Le punt da Suransuns

 

"La dernière structure que je vais vous présenter n'est pas la moins intéressante. Cette passerelle s'appelle le Punt da Suransuns. Elle utilise une forme structurelle qui est l'exact opposé du pont en arche depuis des millénaires : le pont suspendu. Elle a été conçue par Jurg Conzett, un ingénieur suisse spécialisé dans la précontrainte. Elle a été construite l'année dernière.

 

Cette passerelle est située sur le sentier de montagne de la Viamala dans les Grisons. Elle franchit 40m au dessus du Rhin supérieur qui n'est encore qu'un torrent de montagne. Conzett a expliqué que cette passerelle était une continuation à la fois symbolique et physique du chemin au dessus du torrent.

 

Dans ce secteur, le chemin est dallé avec des grandes pierres. La passerelle est constituée avec des dalles similaires de 6cm d'épaisseur. Conzett parle à son propos d'une voie de pierre suspendue. La mise en Ïuvre de dalles de pierre rappellent les voies romaines qui il y a 2000 ans ont constitué les premières infrastructures dans les Alpes. Leurs empreintes ont perduré jusqu'à aujourd'hui.

 

La passerelle est apparemment dénuée de toute performance technologique, elle apparaît très simple, minimale. Cette structure suspendue est en fait dérivée d'une forme structurelle développée pour le béton précontraint : le ruban précontraint. Cette forme a été développée au cours des années 50 par l'ingénieur allemand Ulrich Finsterwalder. Les ponts à ruban précontraint en béton sont constitués de dalles minces suspendues, légèrement incurvés. Par rapport aux ponts suspendus classiques, les suspentes et le tablier sont confondus. Ils ont besoin d'une courbure beaucoup plus faible pour être stable. Ici, le rapport entre la flèche et la portée est de 1 sur 40. En contrepartie, ils nécessitent des ancrages très importants.
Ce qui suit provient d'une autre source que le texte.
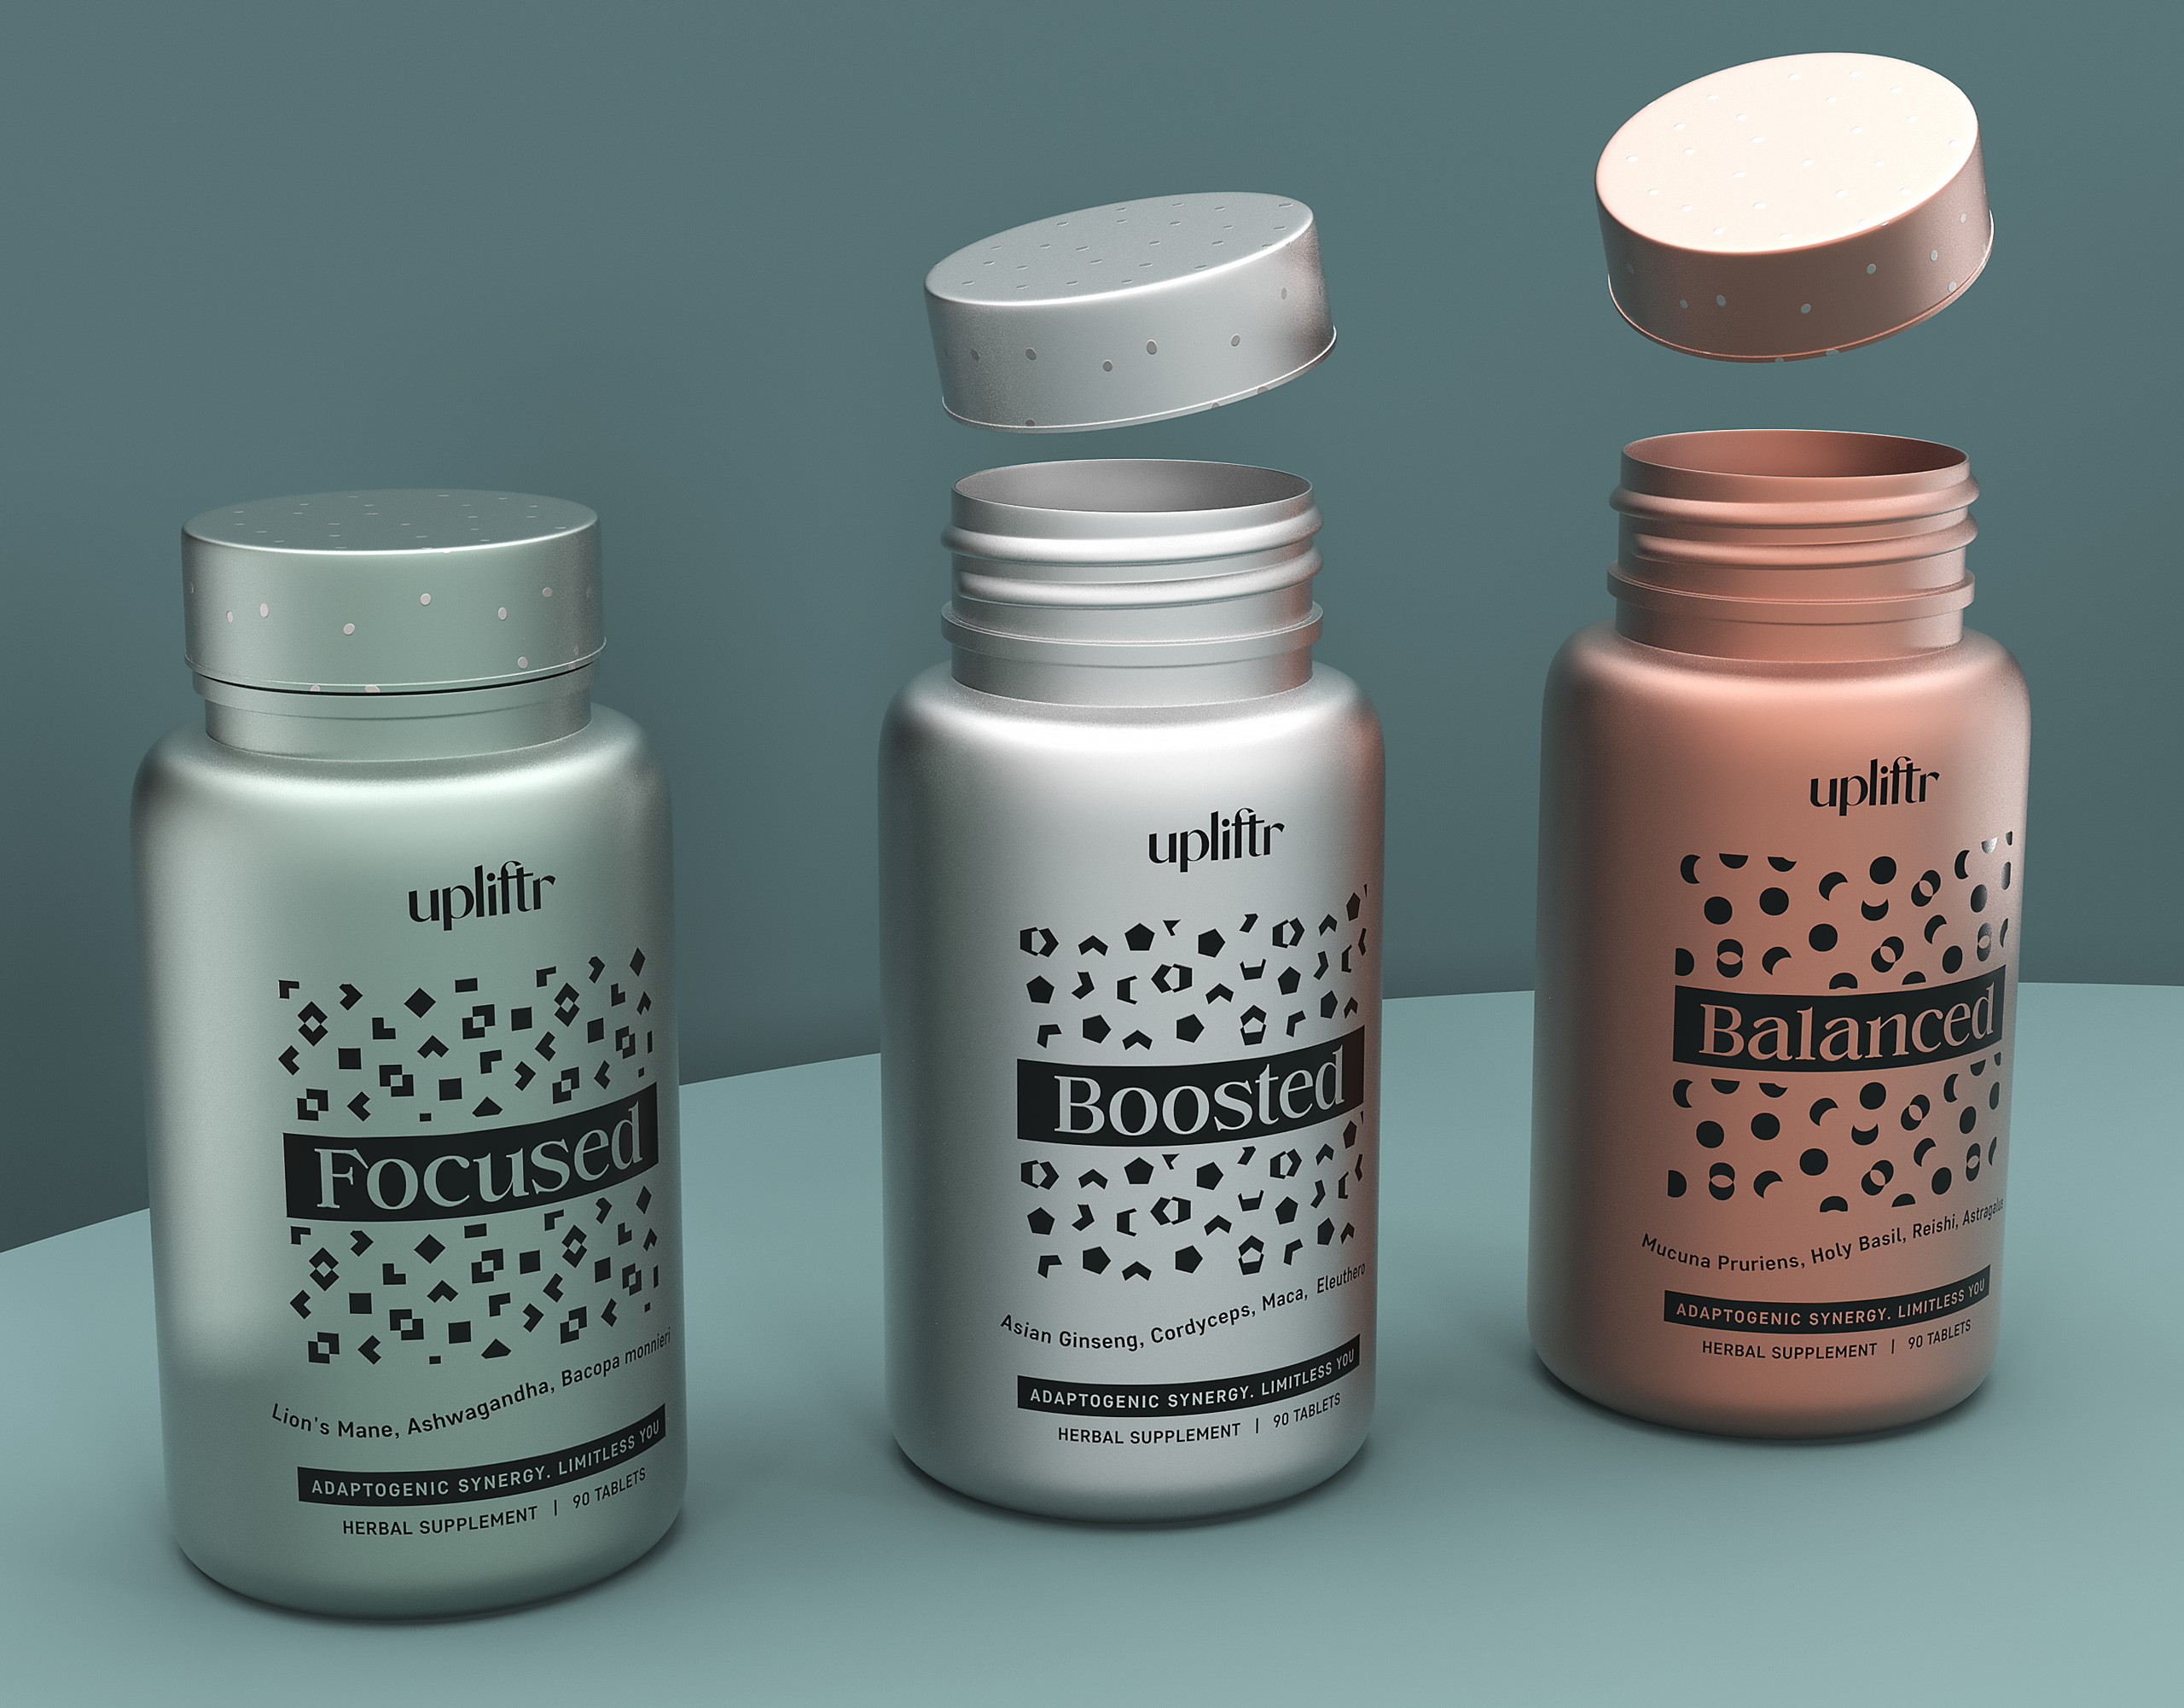 Matrafox Studio Created a Sustainable Brand Identity and Packaging Solution for Upliftr Herbal Supplements

Le ruban précontraint est une forme structurelle minimale très impressionnante qui peut rappeler les ponts suspendus primitifs que l'on trouve dans l'Himalaya ou dans les Andes. C'est toutefois une forme calculée et beaucoup plus stable.

 

Le Punt da Suransuns est l'aboutissement du transfert d'une technologie pour un matériau coulé à un matériau modulaire comme la pierre. Les composants de la structure sont les suivants. Les câbles de précontrainte coulés dans le béton ont été remplacés par des 4 rubans en acier inoxydables de 60mm par 15mm d'épaisseur qui franchissent les 40m. Ces plats sont ancrés dans des massifs en béton armé sur chaque rive (au droit des massifs, les plats sont multipliés afin de compenser les efforts de fatigue dus aux mouvements de la structure). Les dalles en pierres de 110*25*6cm sont fixés mécaniquement à ces plats par l'intermédiaire des potelets de garde-corps.

 

Une fois la structure assemblée, les plats en acier ont été précontraint avec un compresseur hydraulique à partir d'une des rives afin de créer une sorte d'arc précontraint mince et inversé : un ruban précontraint.

 

La pierre mise en Ïuvre est un gneiss local, extrait à Andeer. C'est une pierre très dure et résistante, supérieure aux meilleurs granits. Entre chaque dalle, des plats en aluminium ductile ont été insérés afin de garantir une distribution " idéale " des efforts lors de la mise en précontrainte et des différents cas de charge. Cette idée a été inspirée par le rôle que joue l 'aluminium ductile dans certaines façades légères en verre. Cette passerelle serait envisageable sans précontrainte mais il faudrait alors que les dalles soient plus lourdes et donc plus épaisses pour garantir une stabilité minimum.

 

La construction du pont a été très rapide à partir du moment où les culées ont été coulées. Les rubans en acier et les dalles en pierre ont été approvisionnés sur le site par hélicoptère. Une fois mis en place, les rubans en acier ont constitué un pont de chantier à partir duquel les constructeurs ont pu mettre en place les dalles de pierre et ensuite précontraindre l'ensemble.

 

Ce type de pont n'est évidemment pas aussi rigide qu'une forme non suspendue. Conzett a expliqué que les usagers du pont s'accommodaient d'une flexibilité relative compte tenu de l'emplacement de l'ouvrage, en haute montagne. Dans un site plus urbain, une étude plus fine du comportement en service du pont serait sans doute nécessaire. Conzett développe actuellement les enseignements de cet ouvrage et envisage de construire un pont 25% plus long sur le même chemin."